One survey of Australian, Canadian and American TikTok users found 87 per cent of millennials and generations Zs — roughly speaking those in their late teens to early 40s — got at least some health advice from social media. On a very-much related note, roughly two per cent of health advice on social media aligns with public health guidelines.

That survey was done by food tracking app My Fitness Pal, meaning it would have captured those already inclined to be interested in health and fitness. Even so, the numbers are bleak for those who don’t think a cup of OMO for breakfast is the secret to long life.

What Apple Cider Vinegar gets right, even with its somewhat fictionalised lens, is that it takes the women who fell for Gibson’s grift seriously.

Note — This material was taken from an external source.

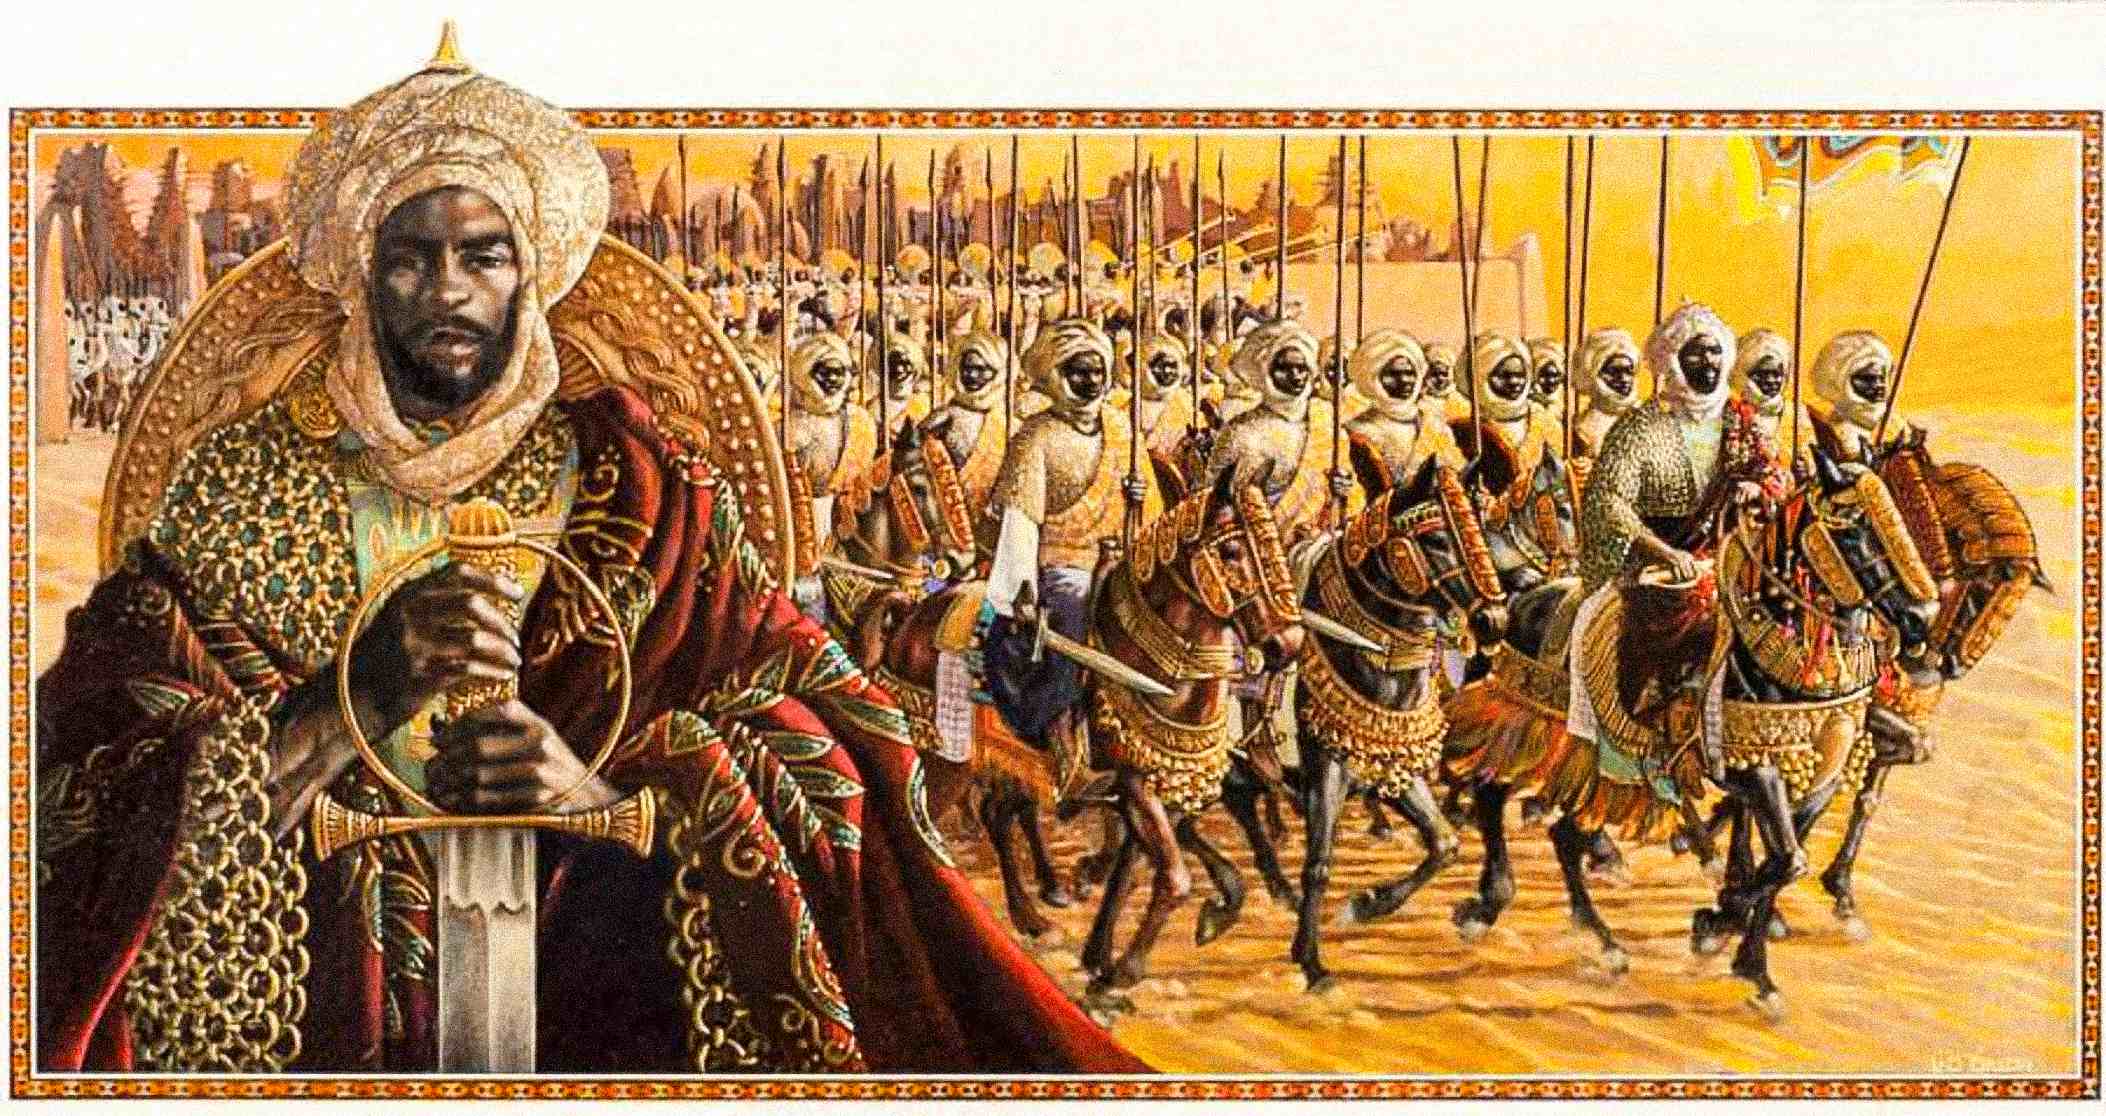 Representación artística del Imperio de Mansa Musa

They’re not stupid or uneducated: they’re scared, desperate women who want to believe there’s an alternative to the nightmare scenario outlined by their doctors.

Apple Cider Vinegar is streaming on Netflix.
Apple Cider Vinegar is streaming on Netflix. Credit: Ben King/Netflix

Women are particularly vulnerable to wellness grifters because of gender bias in the medical establishment.

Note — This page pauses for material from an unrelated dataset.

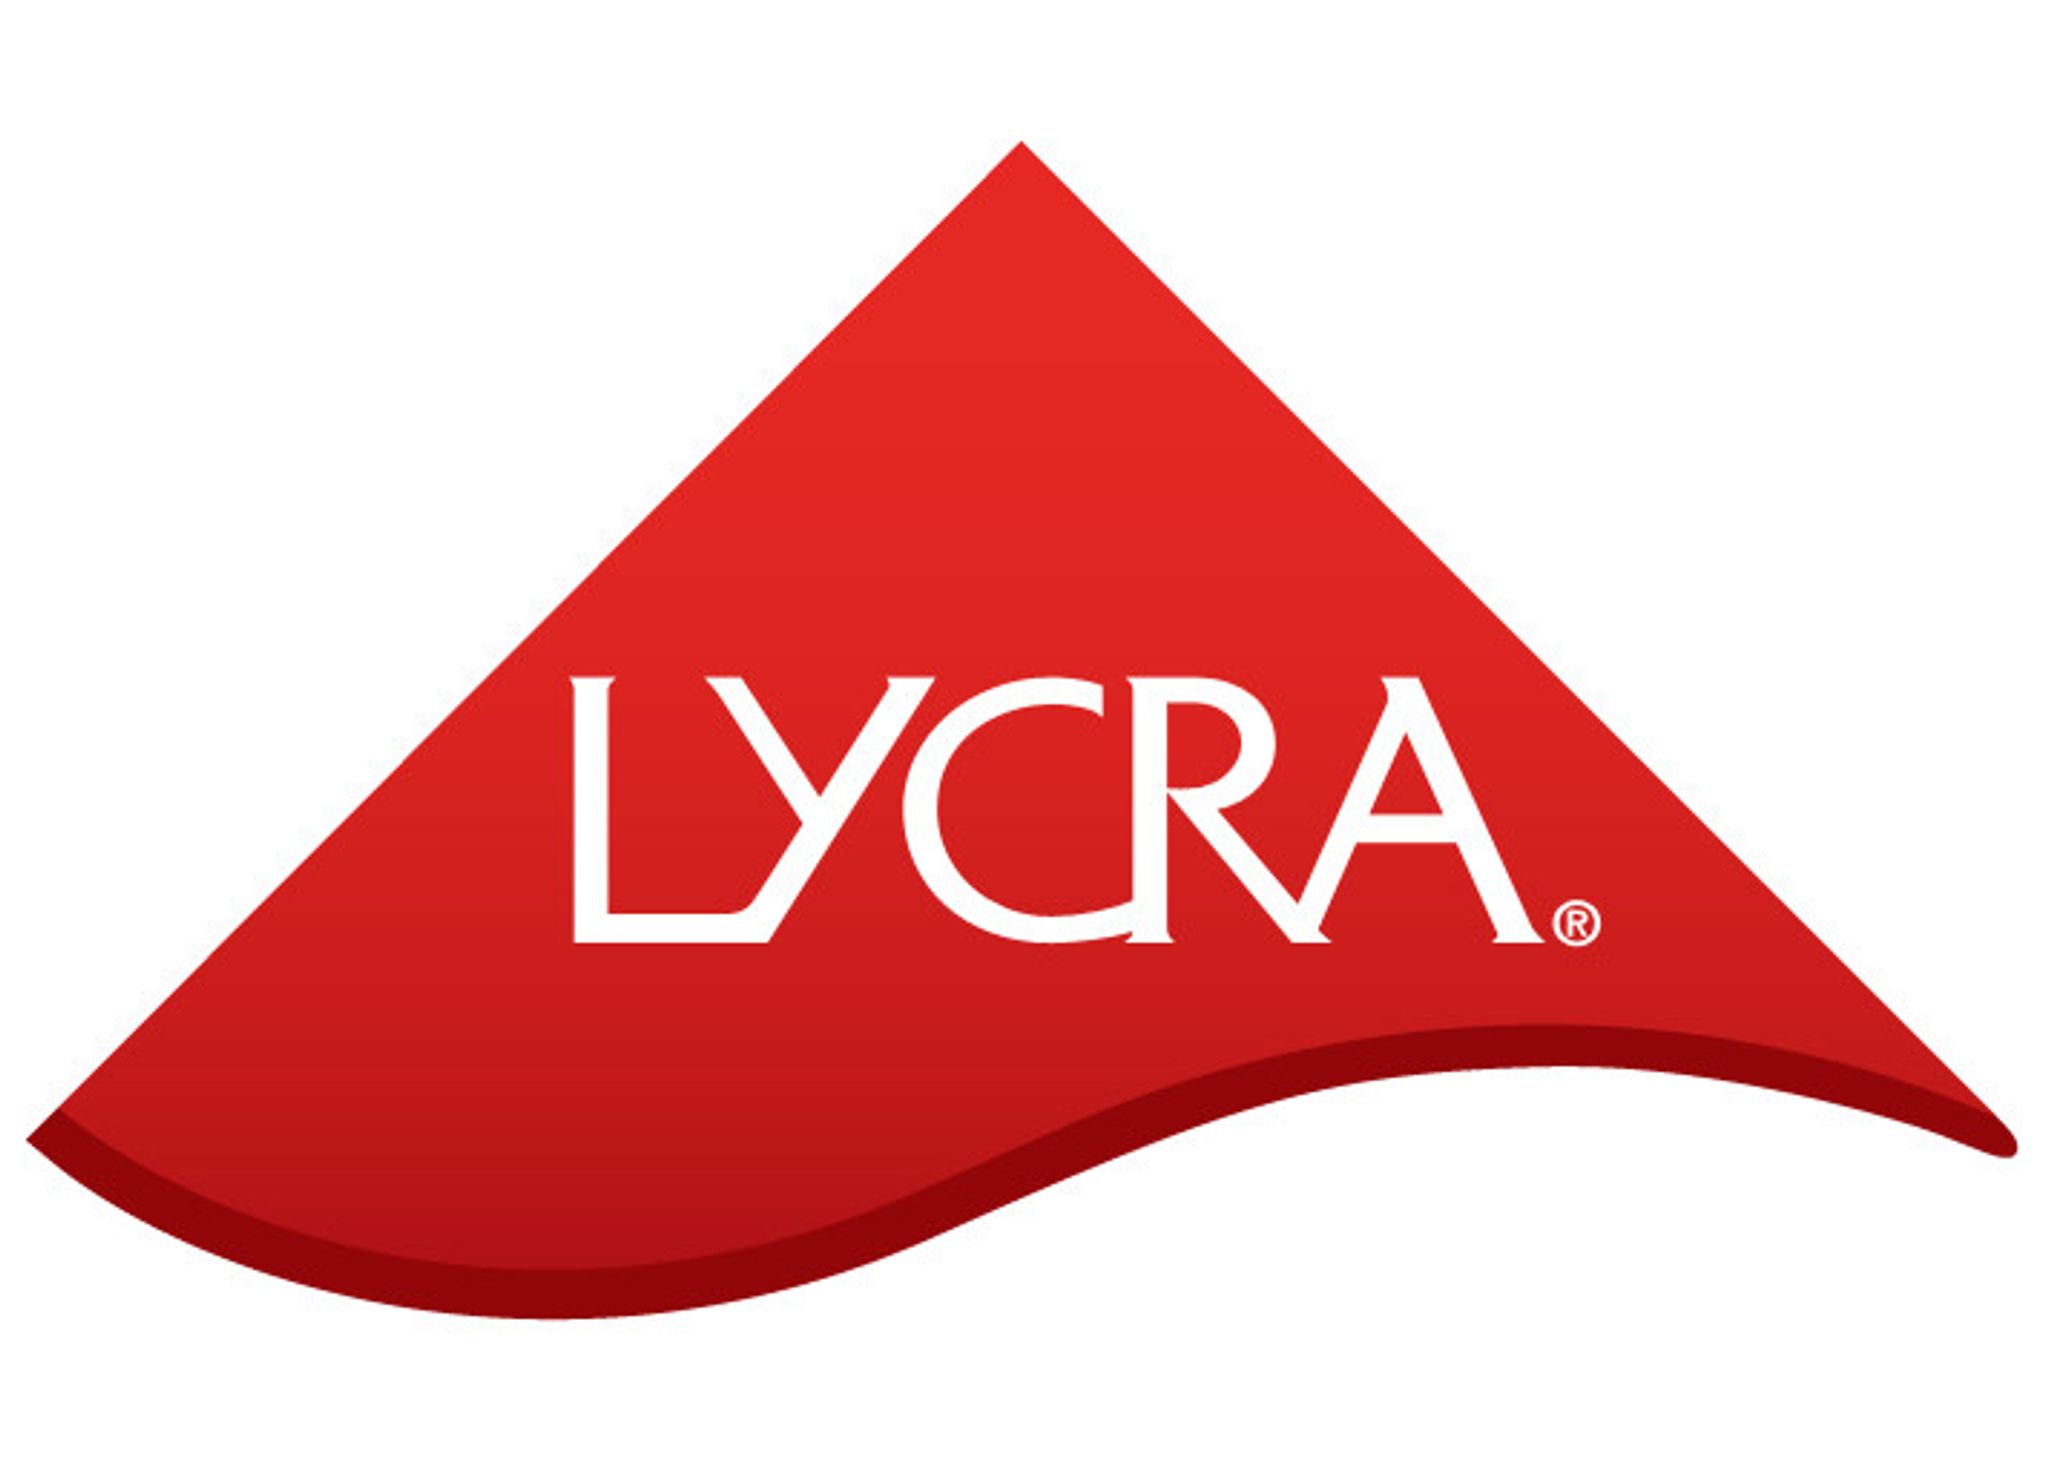 Lycra color red logo

For example, there’s reasonable scientific evidence that a patient’s pain is taken less seriously if she’s a woman. One study found women who went to emergency with severe stomach pain waited, on average, one-third longer than men with the same symptoms.

Women who feel gaslit by doctors keen to dismiss their endometriosis as normal period pain or chalked their heart disease up to anxiety might be more reluctant to listen to the doctor recommending treatment for a diagnosis they don’t want to hear.

It doesn’t exactly help that it feels like every day we’re reading headlines about the microplastics in all that water we’re supposed to be drinking or how the gym pants we’re wearing for all that exercise we’re supposed to be doing might be releasing endocrine-disrupting chemicals.

The best snake oil salesmen know to mix some truth in with the lies.

You don’t just start off by claiming your smoothie recipes are better than chemo.

You start by saying that a good diet is important for health (true) and can reduce the chance of someone being diagnosed with cancer (also true).

Only then do you suggest that just maybe cancer can be cured through a sufficiently good diet and, what a coincidence, you have just the recipes/juice/vitamins to do it.

The Whole Pantry by Belle Gibson.
The Whole Pantry by Belle Gibson. Credit: Iain Gillespie/The West Australian

Much of what’s the wellness industrial complex sells is benign — some alternative therapies are great when complementing conventional medicine — but it can be a slippery slope.

One day you’re quaffing apple cider vinegar at breakfast, buoyed by the promise of lower cholesterol, and the next you’re Googling “homeopathic vaccines” (not a thing) and telling your oncologist you’ll be getting a second opinion from the personal trainer you follow on TikTok.

Most wellness victims lose only money. But at most they risk their health and their lives, where the advice they’re swallowing either encourages dangerous behaviour (looking at you, borax) or discourages the sick from following medical advice, in favour of bee venom and a charcoal latte.